Work required:
The lines below from the one with "2PCS Infant Kids" up to and including the one with "Egg free strawberry shortcake ice cream" are what you should set down, exactly and without pictures.

Source data:
•••

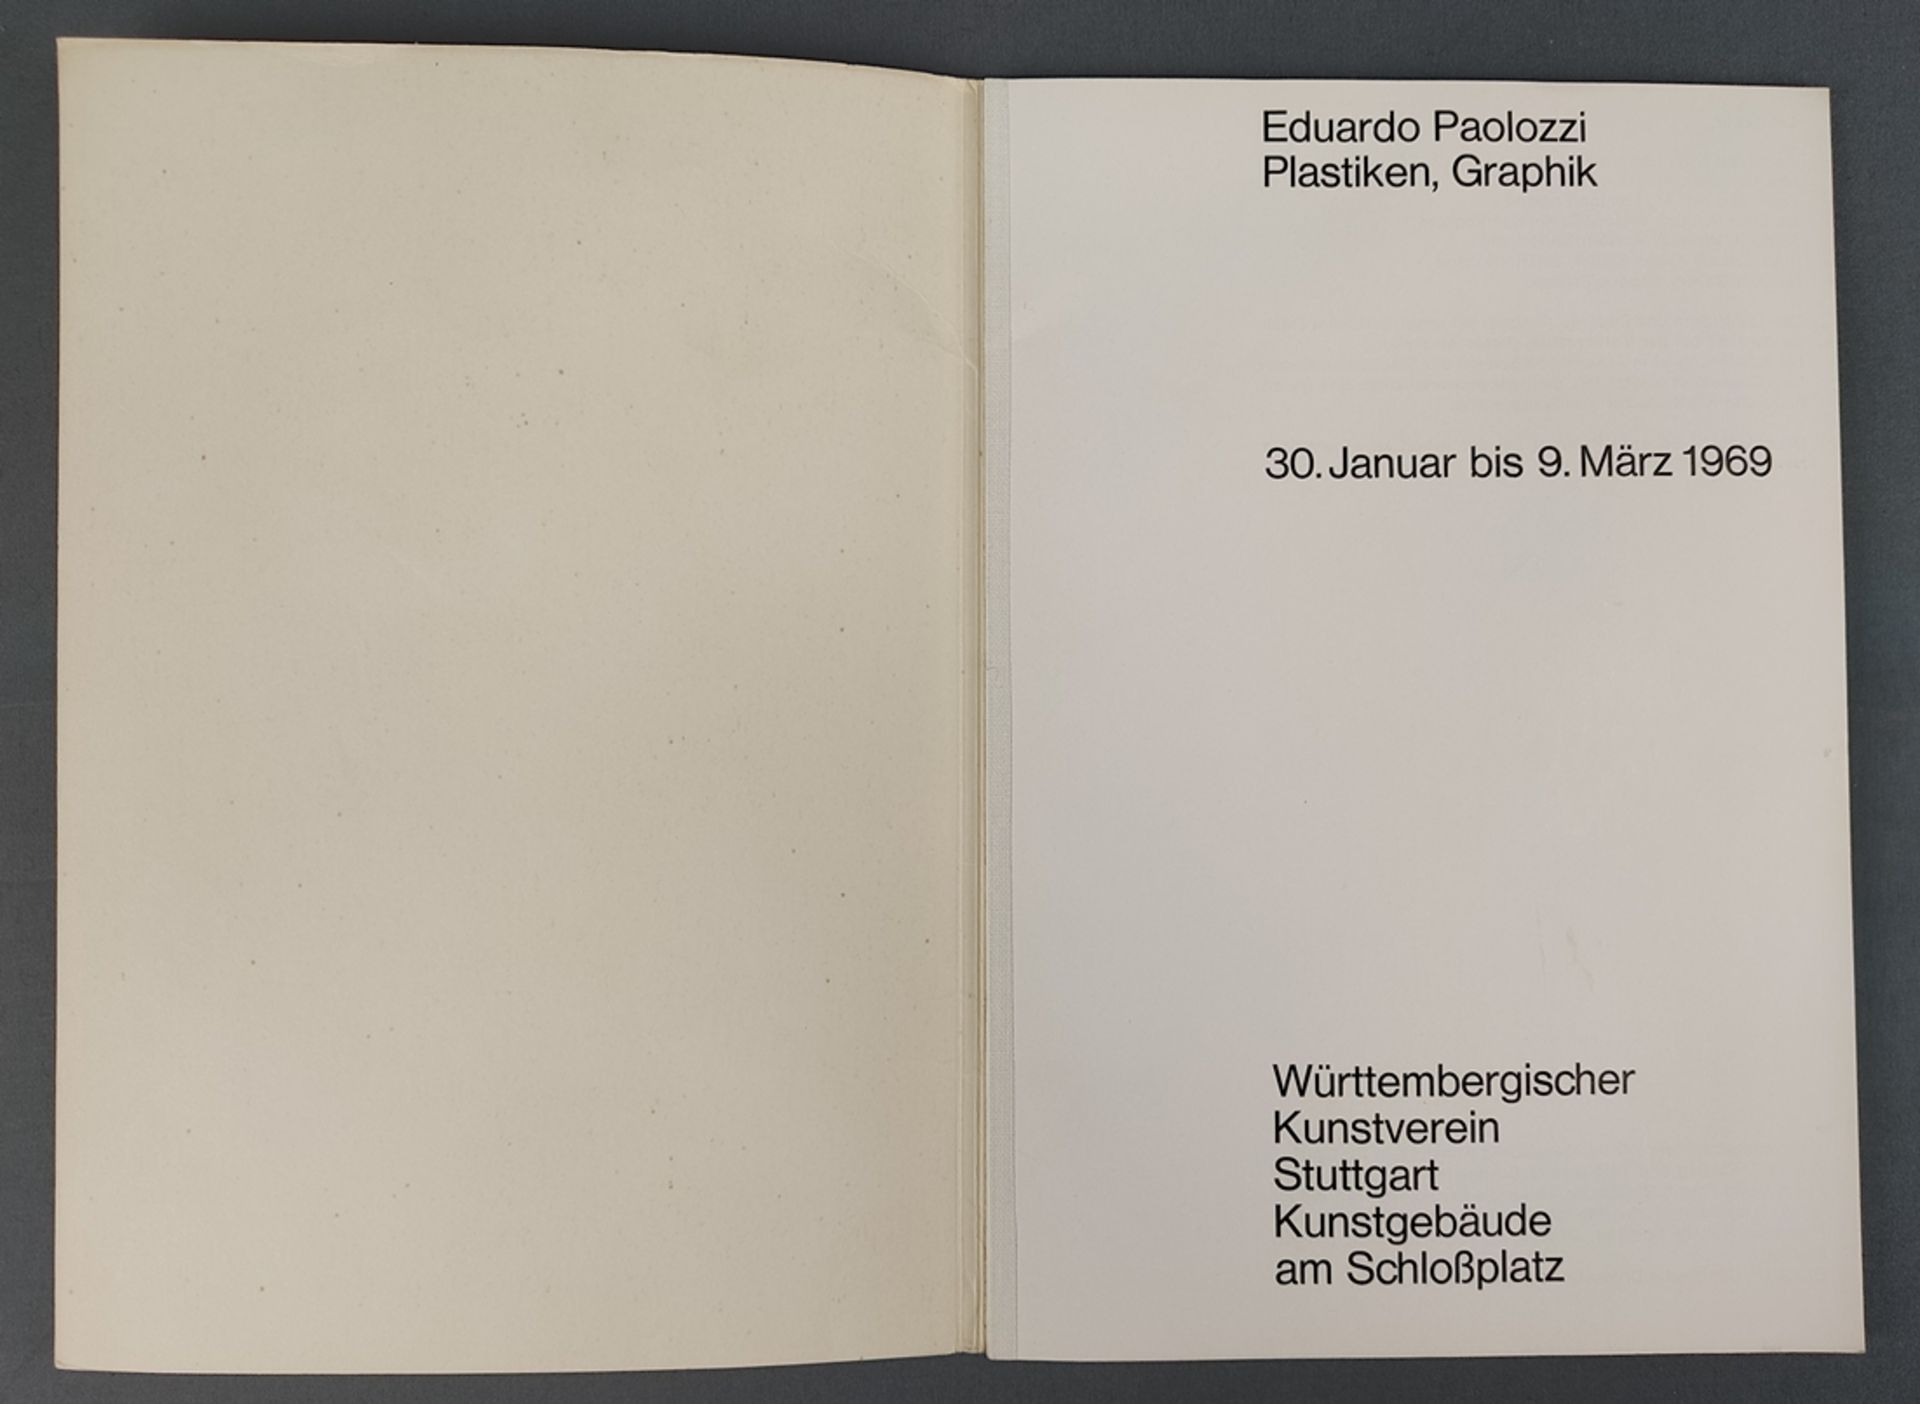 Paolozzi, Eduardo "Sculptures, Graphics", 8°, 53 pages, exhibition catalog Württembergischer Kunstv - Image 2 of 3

•••

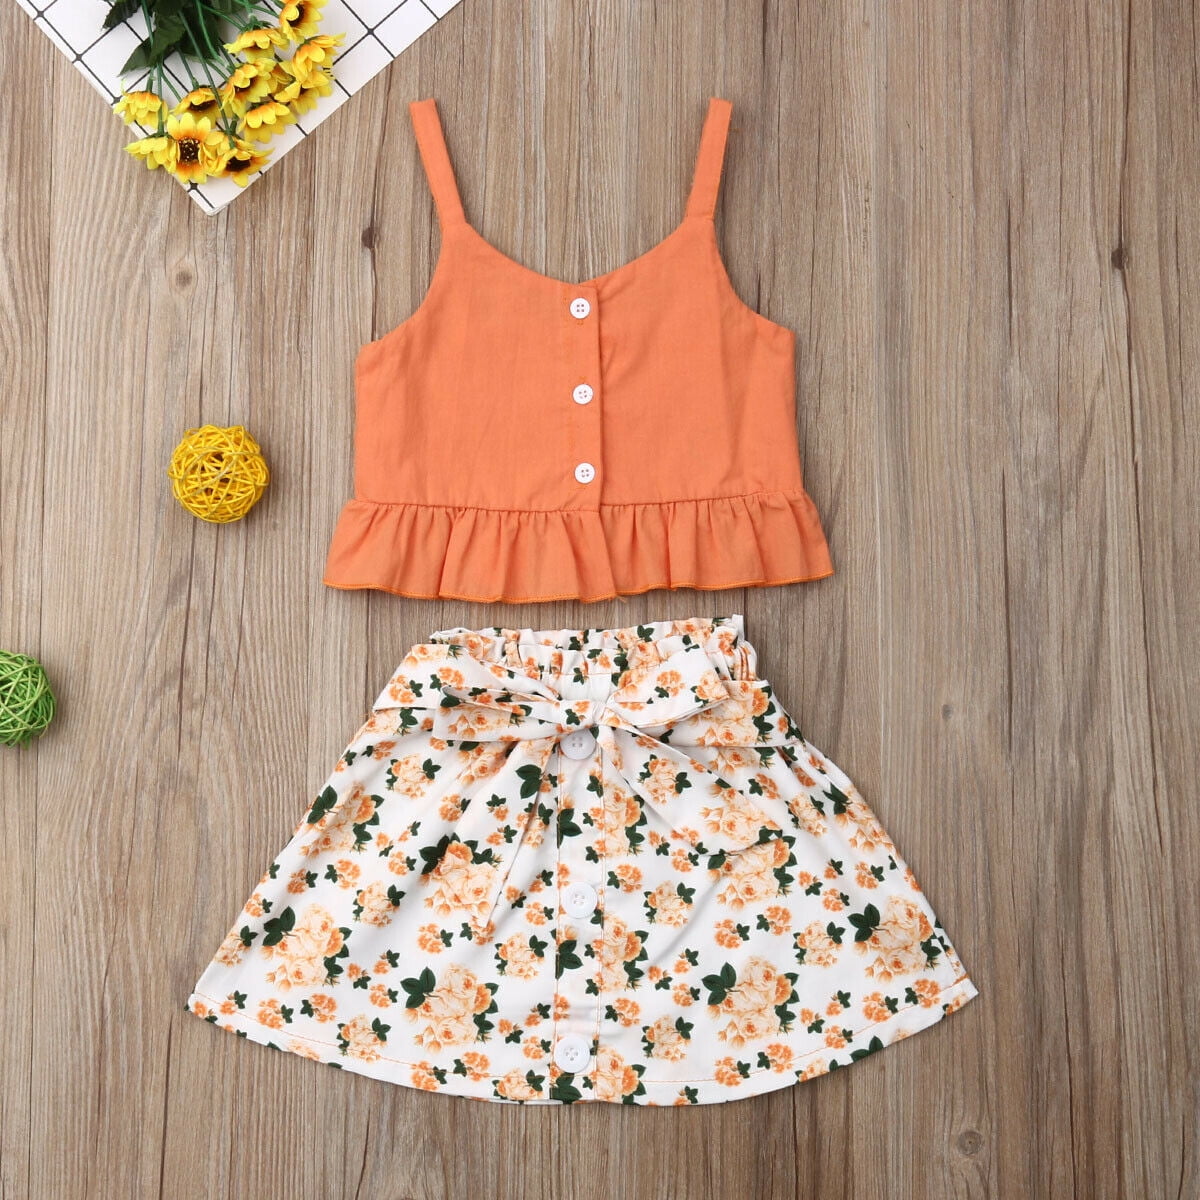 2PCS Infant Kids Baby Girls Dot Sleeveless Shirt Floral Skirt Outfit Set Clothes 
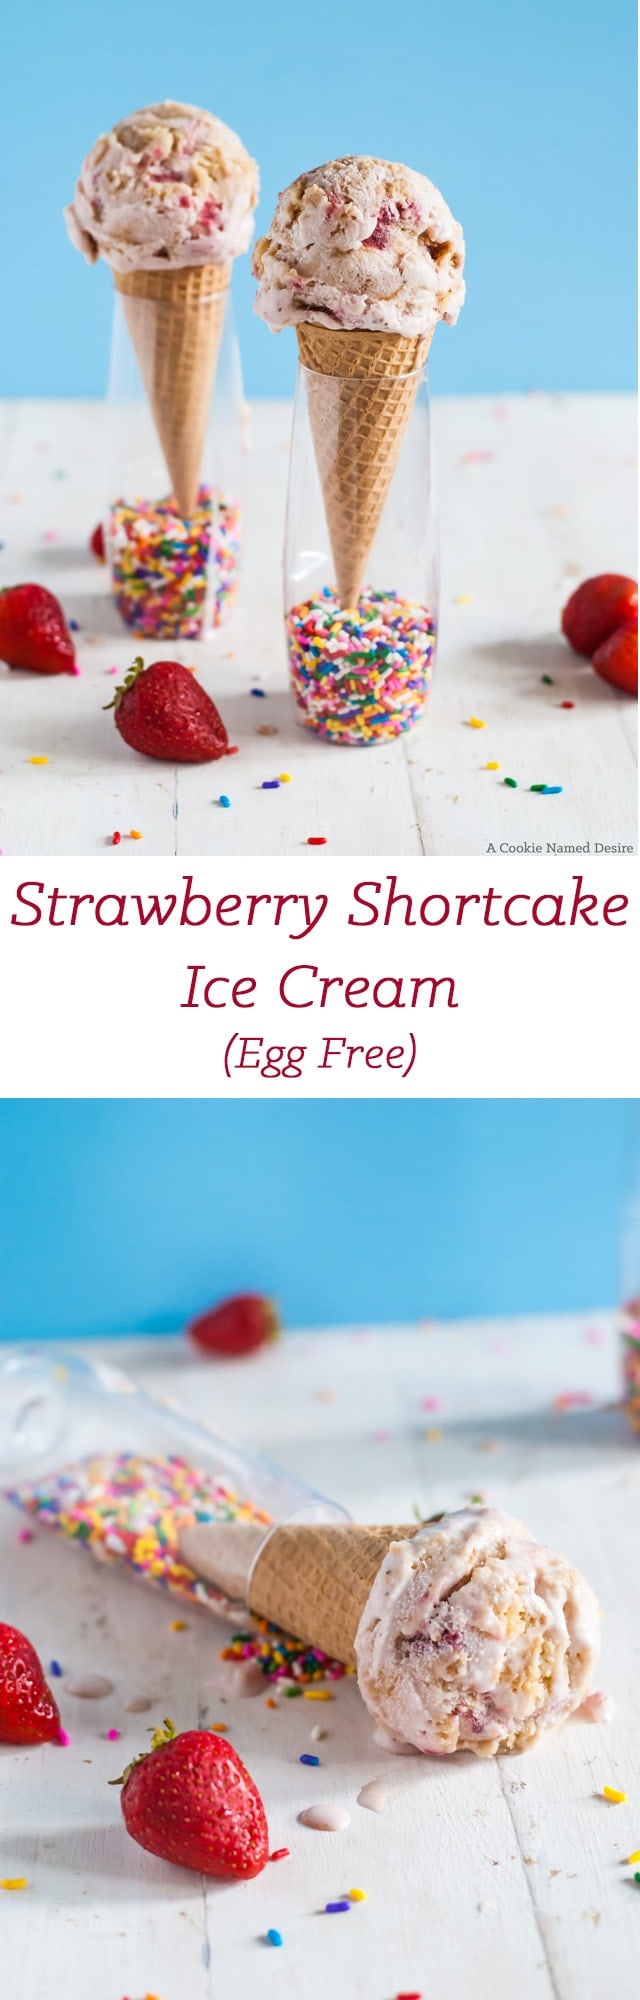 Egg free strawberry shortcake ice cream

•••

Solution below:
 2PCS Infant Kids Baby Girls Dot Sleeveless Shirt Floral Skirt Outfit Set Clothes 
 Egg free strawberry shortcake ice cream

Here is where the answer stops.